- [MATERIALS PROVIDED]:

■ ■ ■ ■

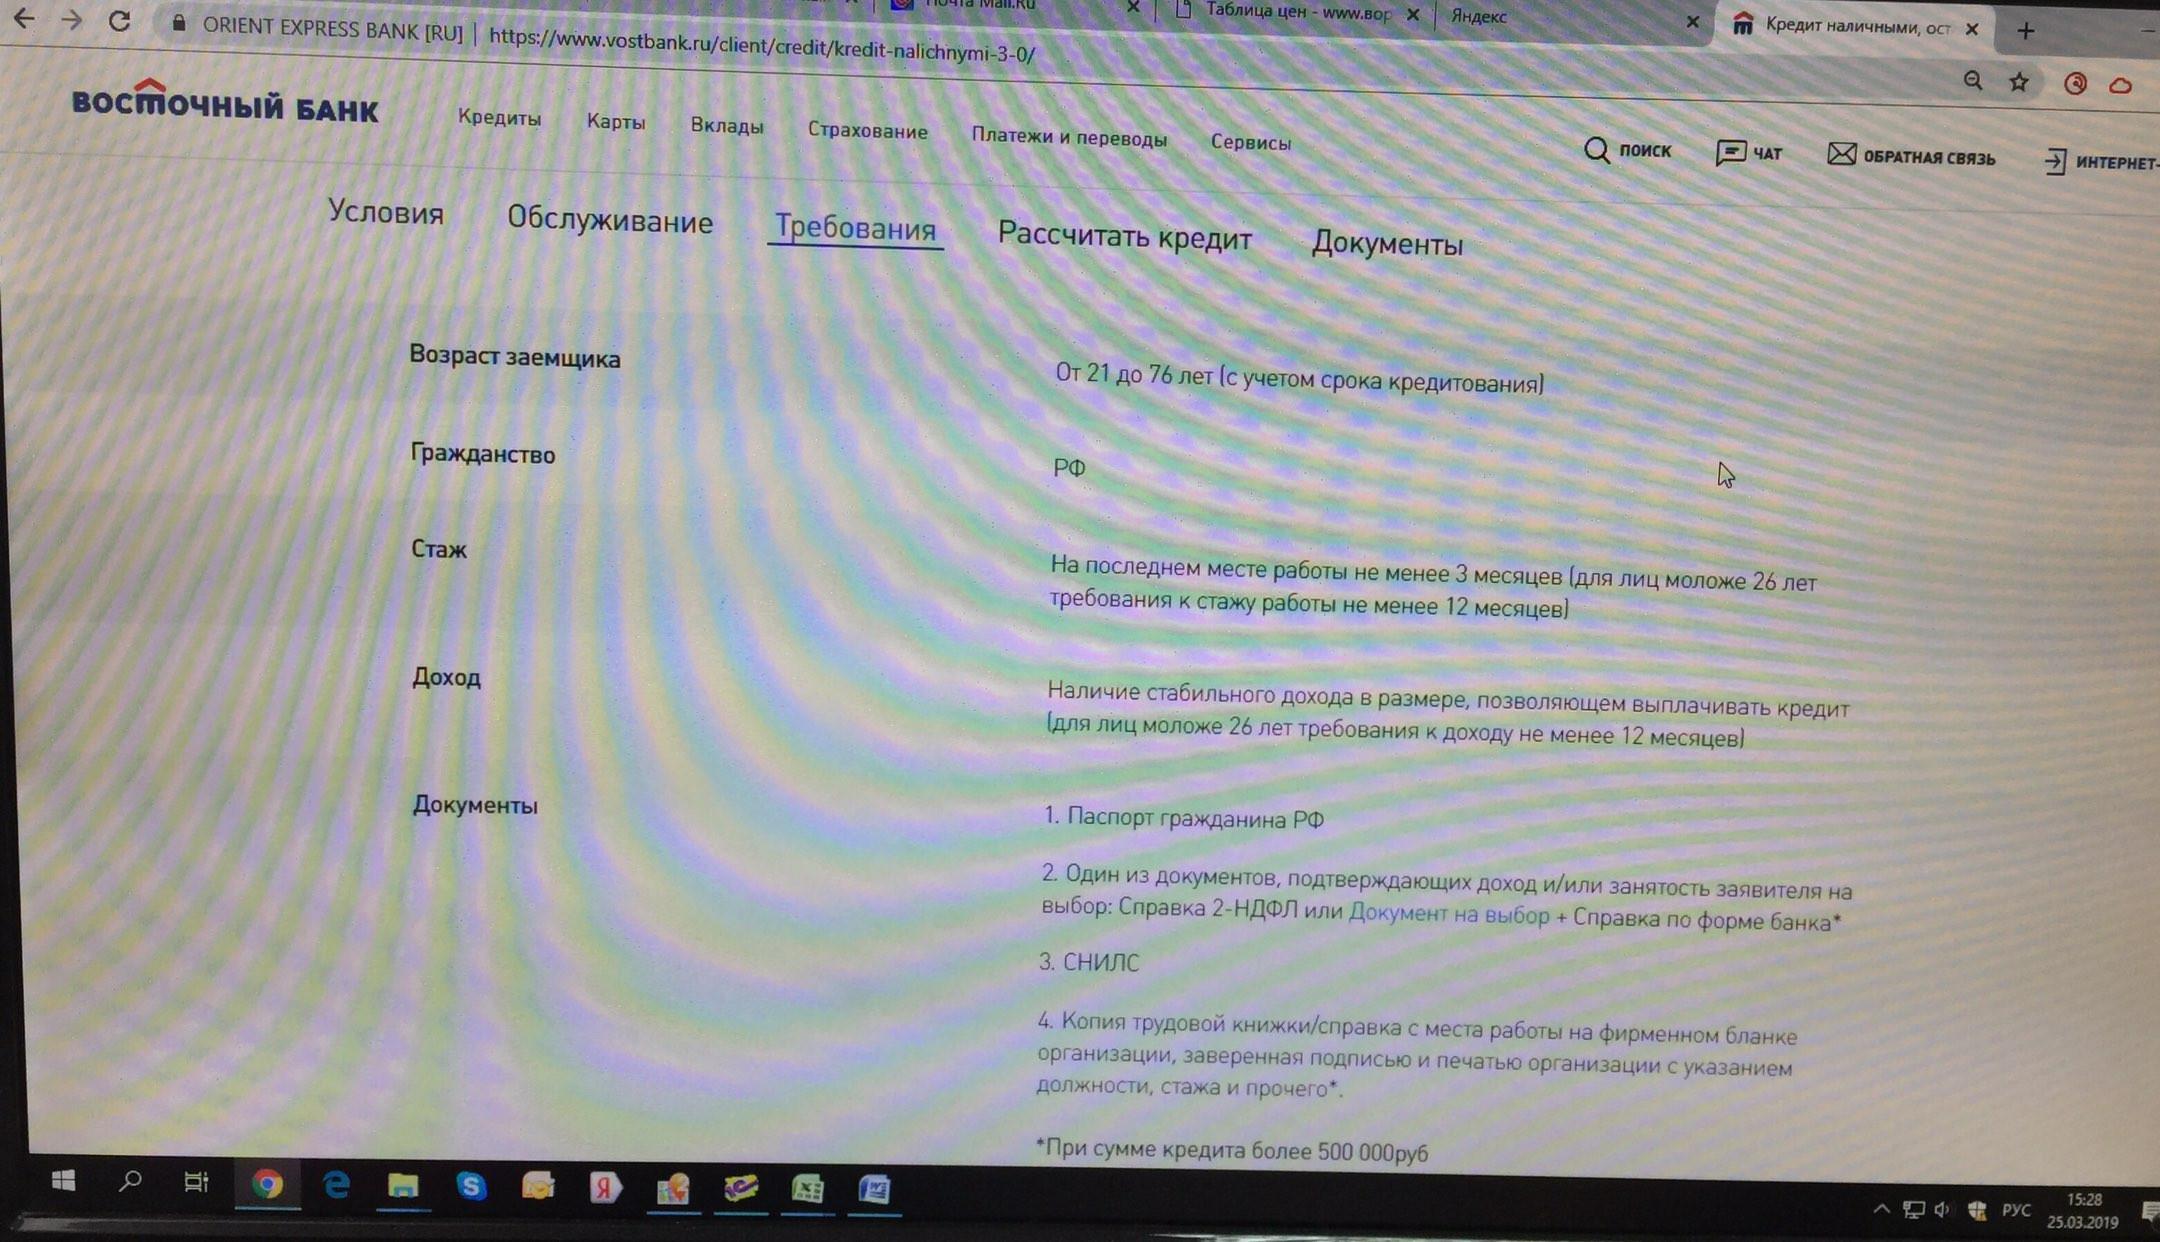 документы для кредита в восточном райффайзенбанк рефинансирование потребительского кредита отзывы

■ ■ ■ ■

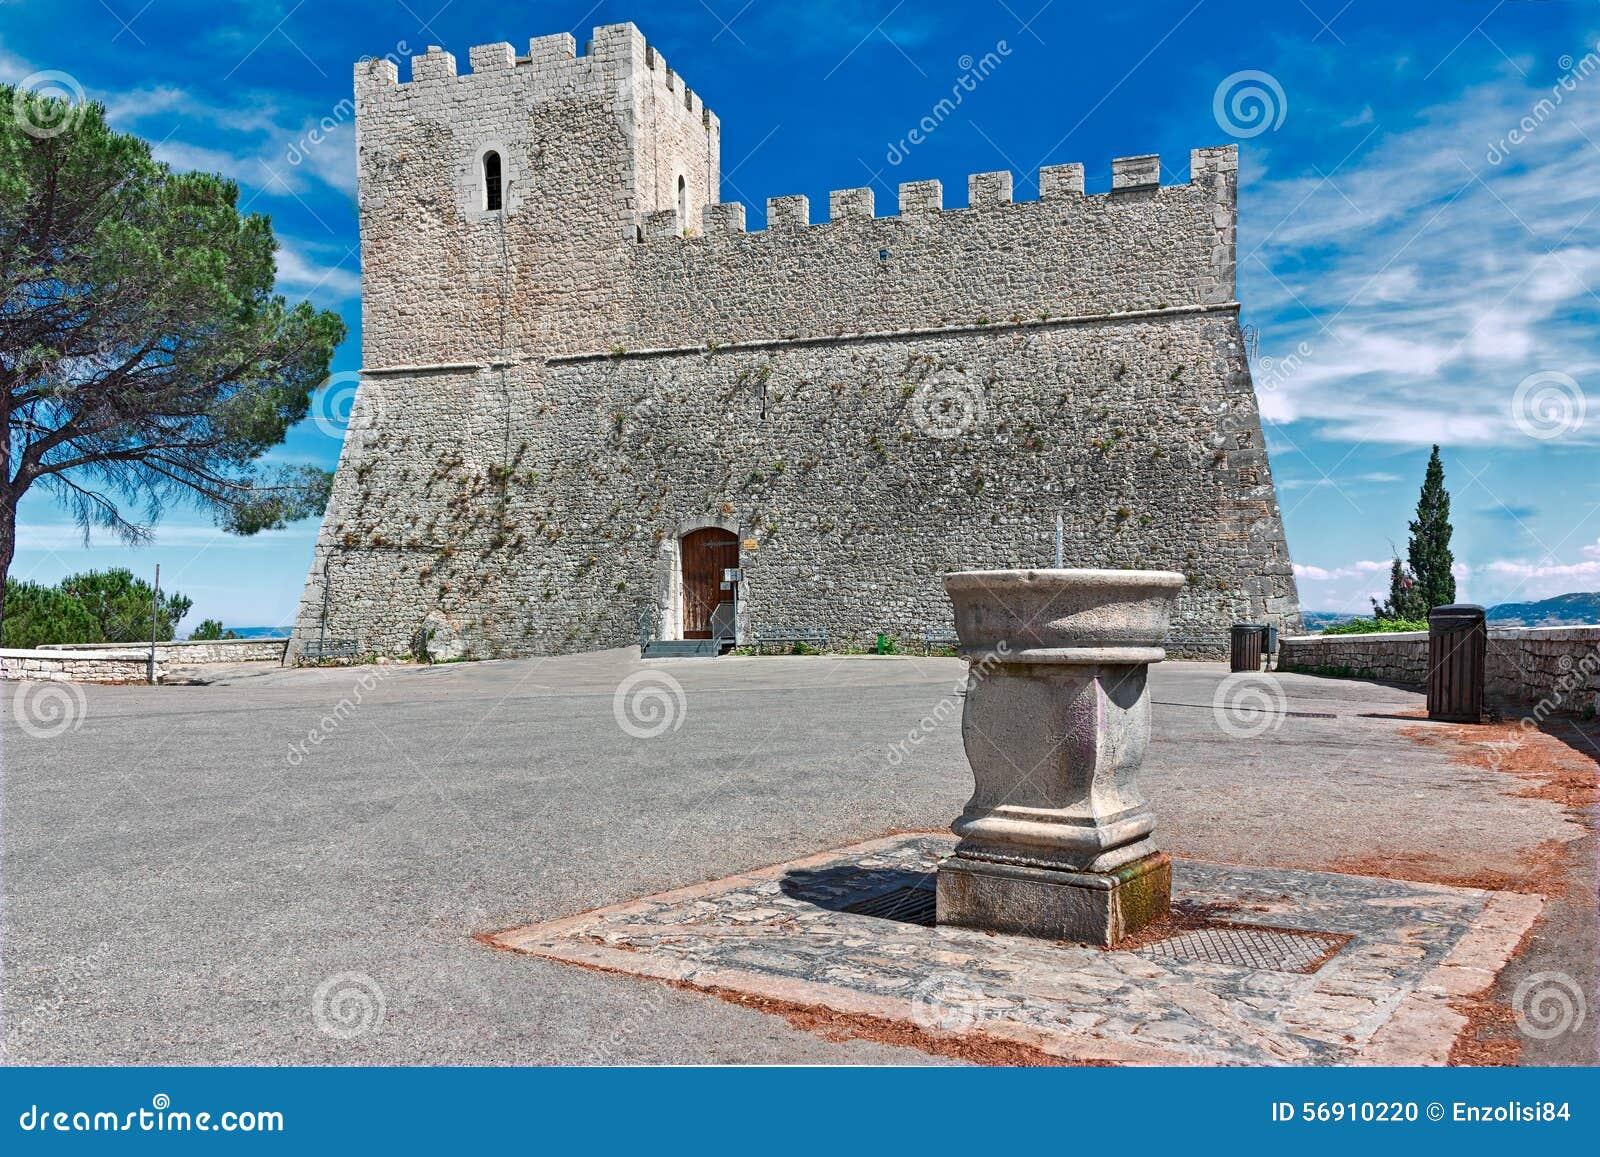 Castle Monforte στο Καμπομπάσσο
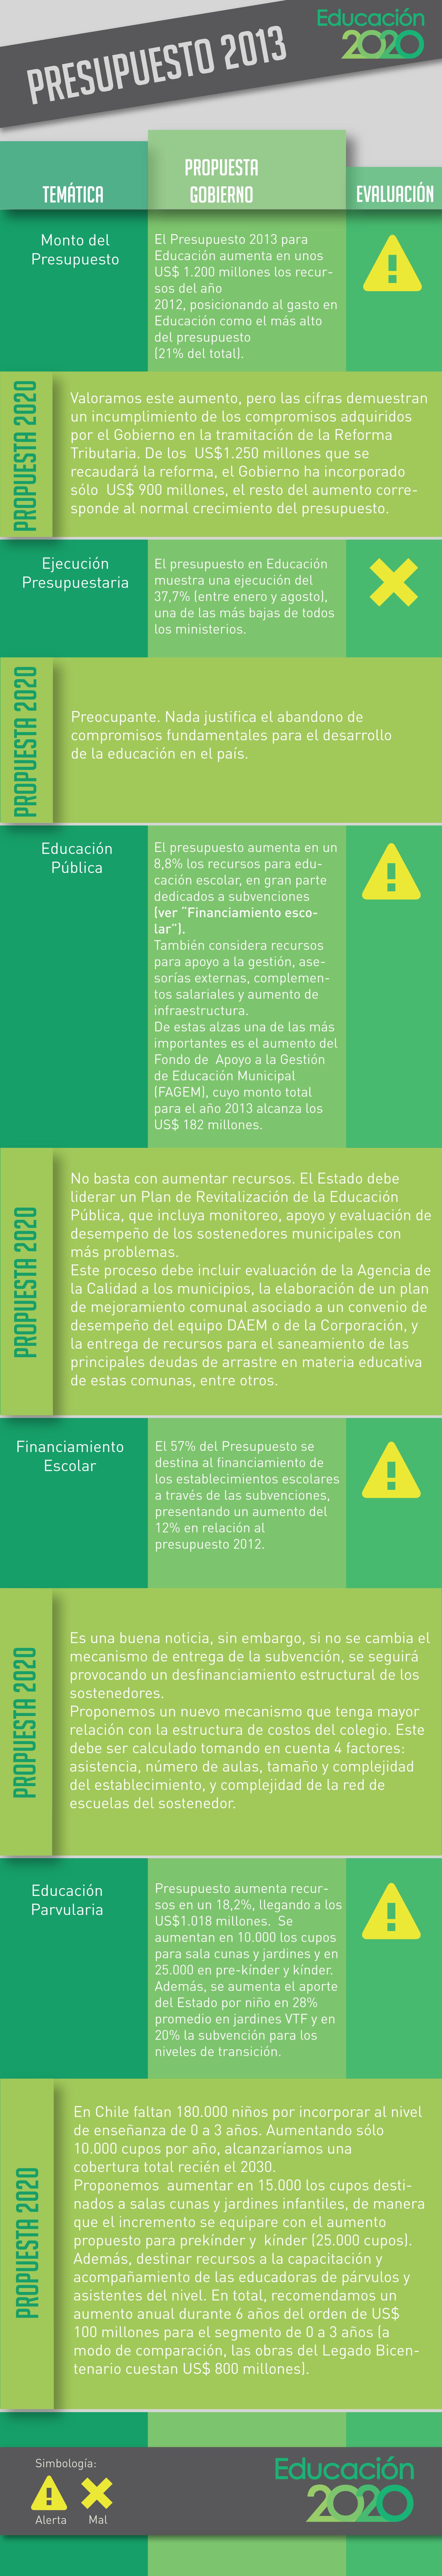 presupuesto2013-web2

■ ■ ■ ■

- [ACTIVITY]: Going by the data above, give back only the lines from the one containing "Castle Monforte στο Καμπομπάσσο" through the one containing "presupuesto2013-web2", exactly as they stand, both ends included and no images.

- [EXERCISE ANSWER]:
 Castle Monforte στο Καμπομπάσσο
 presupuesto2013-web2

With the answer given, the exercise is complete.